[Stored data]
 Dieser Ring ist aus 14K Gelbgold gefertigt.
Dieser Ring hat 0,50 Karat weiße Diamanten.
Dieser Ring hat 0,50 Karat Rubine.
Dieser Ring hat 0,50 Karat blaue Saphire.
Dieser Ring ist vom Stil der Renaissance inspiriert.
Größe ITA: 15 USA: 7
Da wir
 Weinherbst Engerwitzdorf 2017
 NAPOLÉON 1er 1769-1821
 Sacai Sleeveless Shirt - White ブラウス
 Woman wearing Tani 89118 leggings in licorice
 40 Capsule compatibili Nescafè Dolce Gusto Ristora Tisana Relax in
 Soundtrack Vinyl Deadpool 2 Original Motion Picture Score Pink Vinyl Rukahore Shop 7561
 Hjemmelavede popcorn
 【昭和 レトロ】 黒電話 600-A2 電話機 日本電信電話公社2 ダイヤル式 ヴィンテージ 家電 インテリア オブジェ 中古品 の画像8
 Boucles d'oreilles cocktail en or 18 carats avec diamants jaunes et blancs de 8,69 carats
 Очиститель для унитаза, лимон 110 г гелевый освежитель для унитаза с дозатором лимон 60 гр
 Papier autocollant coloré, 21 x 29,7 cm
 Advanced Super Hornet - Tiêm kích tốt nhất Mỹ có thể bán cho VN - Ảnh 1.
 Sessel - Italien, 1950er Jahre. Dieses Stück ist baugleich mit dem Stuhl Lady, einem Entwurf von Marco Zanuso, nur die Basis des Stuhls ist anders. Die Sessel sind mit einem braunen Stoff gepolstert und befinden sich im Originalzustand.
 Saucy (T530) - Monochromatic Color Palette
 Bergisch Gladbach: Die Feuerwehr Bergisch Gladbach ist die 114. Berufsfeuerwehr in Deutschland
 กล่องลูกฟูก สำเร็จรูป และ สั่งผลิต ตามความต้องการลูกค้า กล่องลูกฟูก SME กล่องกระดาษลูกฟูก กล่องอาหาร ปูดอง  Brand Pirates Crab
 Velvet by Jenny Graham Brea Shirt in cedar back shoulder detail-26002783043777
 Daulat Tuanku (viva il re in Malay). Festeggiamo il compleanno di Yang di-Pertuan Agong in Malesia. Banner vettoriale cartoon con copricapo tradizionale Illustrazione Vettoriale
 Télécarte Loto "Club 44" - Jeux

--- Exercise requirements ---
Copy the records above exactly, leaving nothing out.

--- Solved problem ---
 Dieser Ring ist aus 14K Gelbgold gefertigt.
Dieser Ring hat 0,50 Karat weiße Diamanten.
Dieser Ring hat 0,50 Karat Rubine.
Dieser Ring hat 0,50 Karat blaue Saphire.
Dieser Ring ist vom Stil der Renaissance inspiriert.
Größe ITA: 15 USA: 7
Da wir
 Weinherbst Engerwitzdorf 2017
 NAPOLÉON 1er 1769-1821
 Sacai Sleeveless Shirt - White ブラウス
 Woman wearing Tani 89118 leggings in licorice
 40 Capsule compatibili Nescafè Dolce Gusto Ristora Tisana Relax in
 Soundtrack Vinyl Deadpool 2 Original Motion Picture Score Pink Vinyl Rukahore Shop 7561
 Hjemmelavede popcorn
 【昭和 レトロ】 黒電話 600-A2 電話機 日本電信電話公社2 ダイヤル式 ヴィンテージ 家電 インテリア オブジェ 中古品 の画像8
 Boucles d'oreilles cocktail en or 18 carats avec diamants jaunes et blancs de 8,69 carats
 Очиститель для унитаза, лимон 110 г гелевый освежитель для унитаза с дозатором лимон 60 гр
 Papier autocollant coloré, 21 x 29,7 cm
 Advanced Super Hornet - Tiêm kích tốt nhất Mỹ có thể bán cho VN - Ảnh 1.
 Sessel - Italien, 1950er Jahre. Dieses Stück ist baugleich mit dem Stuhl Lady, einem Entwurf von Marco Zanuso, nur die Basis des Stuhls ist anders. Die Sessel sind mit einem braunen Stoff gepolstert und befinden sich im Originalzustand.
 Saucy (T530) - Monochromatic Color Palette
 Bergisch Gladbach: Die Feuerwehr Bergisch Gladbach ist die 114. Berufsfeuerwehr in Deutschland
 กล่องลูกฟูก สำเร็จรูป และ สั่งผลิต ตามความต้องการลูกค้า กล่องลูกฟูก SME กล่องกระดาษลูกฟูก กล่องอาหาร ปูดอง  Brand Pirates Crab
 Velvet by Jenny Graham Brea Shirt in cedar back shoulder detail-26002783043777
 Daulat Tuanku (viva il re in Malay). Festeggiamo il compleanno di Yang di-Pertuan Agong in Malesia. Banner vettoriale cartoon con copricapo tradizionale Illustrazione Vettoriale
 Télécarte Loto "Club 44" - Jeux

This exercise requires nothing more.